其实我们都知道,这哭声里带了百分之五十的演戏成分,还有百分之五十的如释重负。
摄像头在角落里疯狂转动,红点闪得像是在蹦迪。
全网的弹幕此时已经彻底失控:
【卧槽!博君一肖抱在一起哭了!】
【肖战心疼一博拍戏辛苦,一博心疼战战练车受伤!这是什么绝美爱情!】
【快看肖战那个腰,肯定疼坏了!一博的手在摸他的背!他在安慰他!】
【这两位顶流今天是真的‘塌’得稀碎啊,但我好爱看这种破碎感!】
哭了一阵子,我吸了吸鼻子,推开王一博,看着他那张被妆效弄得极其精致、此刻却满是委屈的脸。
“王老师,戏过了啊。”我抹了一把并不存在的眼泪,笑着损他,“你刚才那两嗓子,情感爆发力肯定比你拍广告的时候强多了。”
“彼此彼此,肖老师。
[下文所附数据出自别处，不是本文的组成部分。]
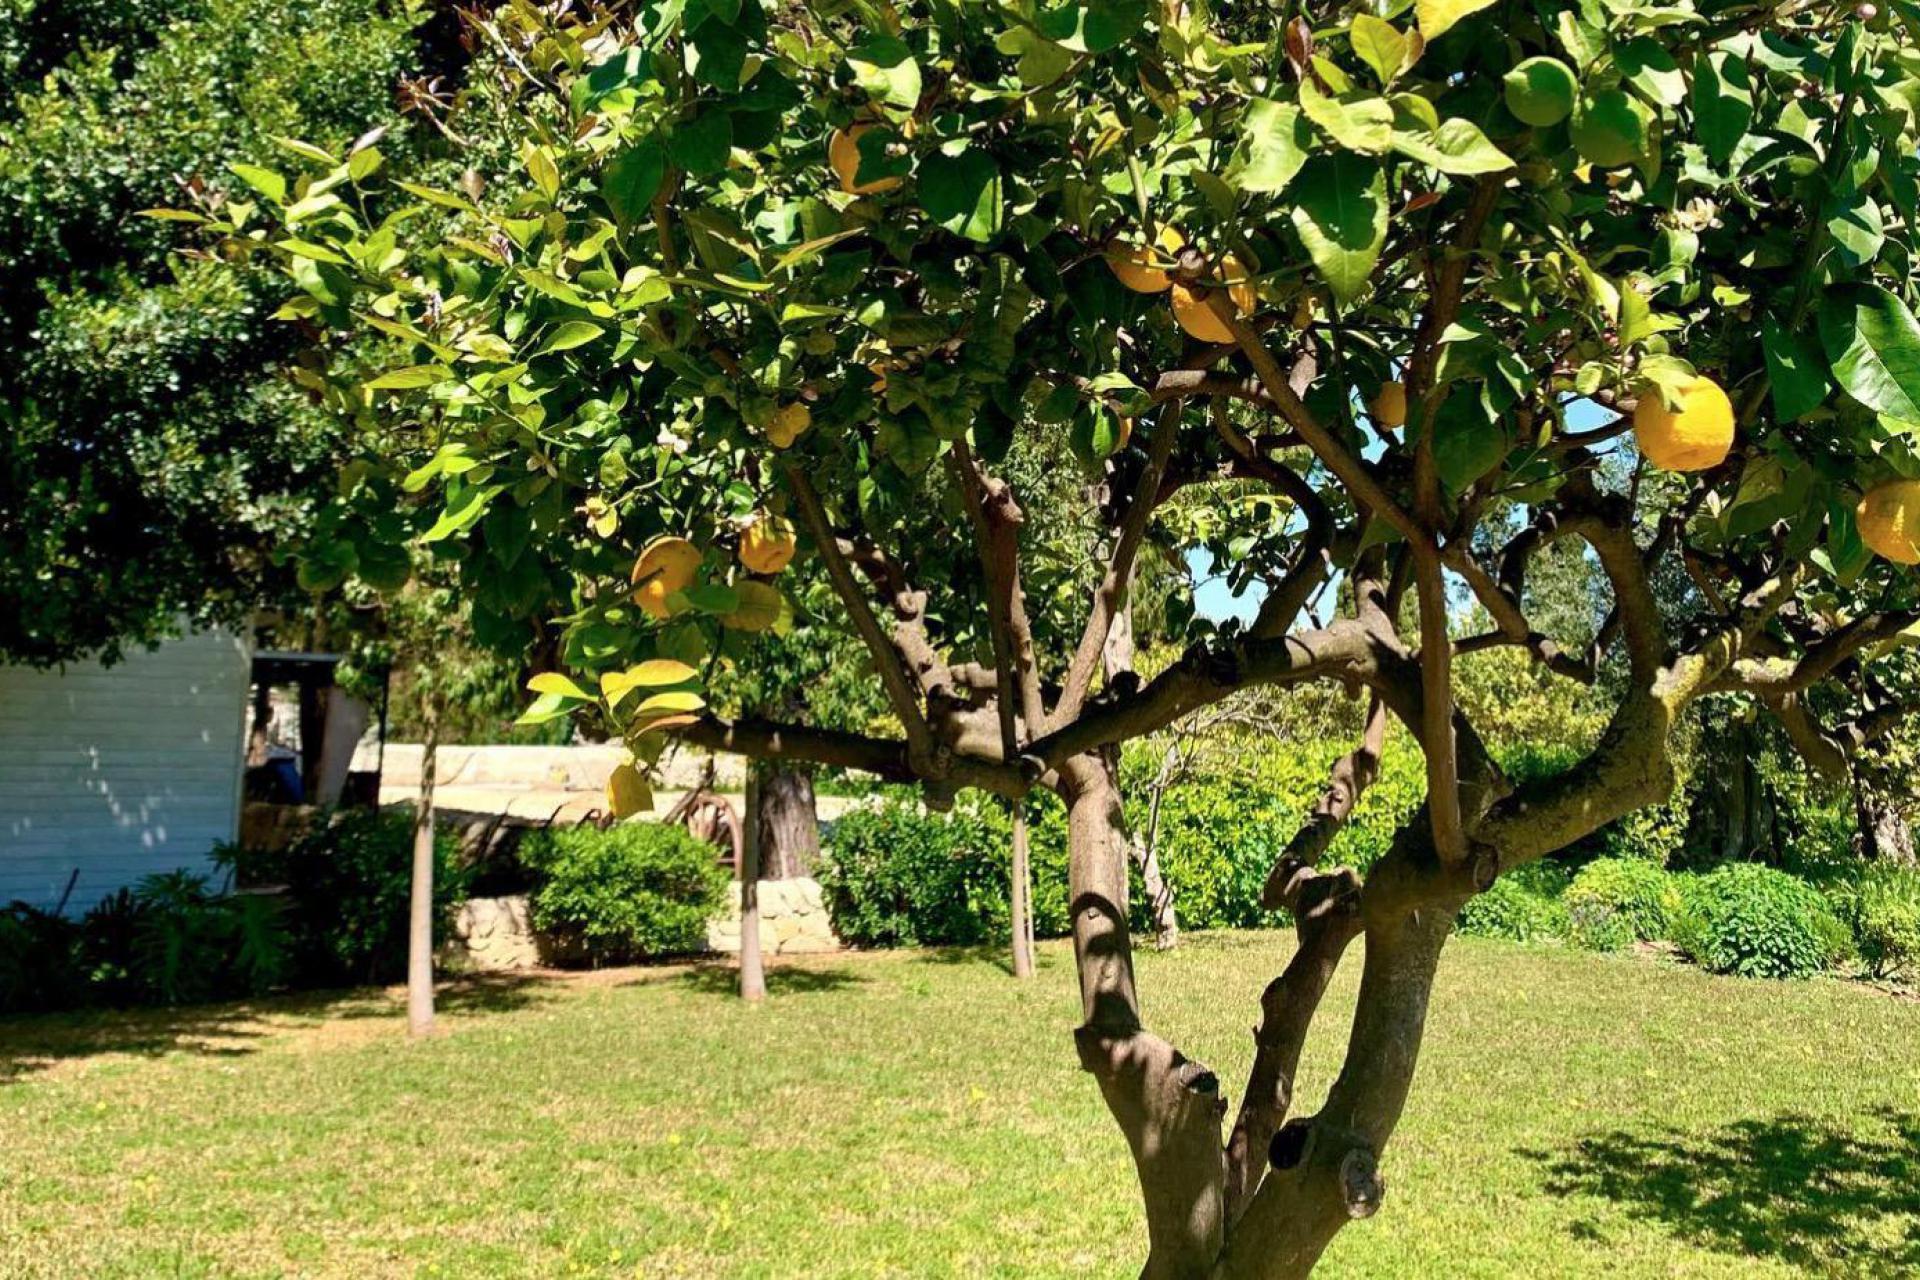 Agriturismo Sicilie Typisch Siciliaanse agriturismo nabij het strand

”王一博扯了扯皱巴巴的衬衫,眼神恢复了一点儿神采,“你刚才抱我的时候,那力道,不像是腰断了,倒像是想把我肋骨勒断。”
我们并排瘫在地板上,看着天花板。
“肖战。”
“嗯?”
“以前我觉得,你们拍这种广告、拍这种文艺戏,就是在那儿耍帅、装忧郁。现在我觉得……这比跑三小时赛道还累。”王一博看着自己的指尖,“那种要把自己的情绪剖开给人看的感觉,真挺不自在的。”
“我也一样。”我看着窗外逐渐亮起的路灯,“以前我觉得你骑摩托就是为了追求刺激。今天我才发现,那是真的在跟命搏。你在那个速度下,大脑得高速运转成什么样啊?王一博,你真挺牛的。”
“才知道啊?”他得瑟地扬起下巴,却因为牵动了脸部肌肉而疼得“嘶”了一声。
“行了,别拽了。”我站起身,忍着腰疼去厨房,“今天咱俩都辛苦了,哥大发慈悲,不让你剥蒜了。今晚吃点儿热乎的,整点儿重庆抄手,暖暖心。”
“还要加辣。”王一博在后面喊。
“你那嗓子,还加辣?你不是不能吃辣吗?”
“吃辣再难受,还能有我今天遭的罪难受!”
晚饭后,我们依旧瘫在沙发里。
我看着电视里的广告样片,王一博在镜头里,那抹由于思念而产生的破碎感,真的极具杀伤力。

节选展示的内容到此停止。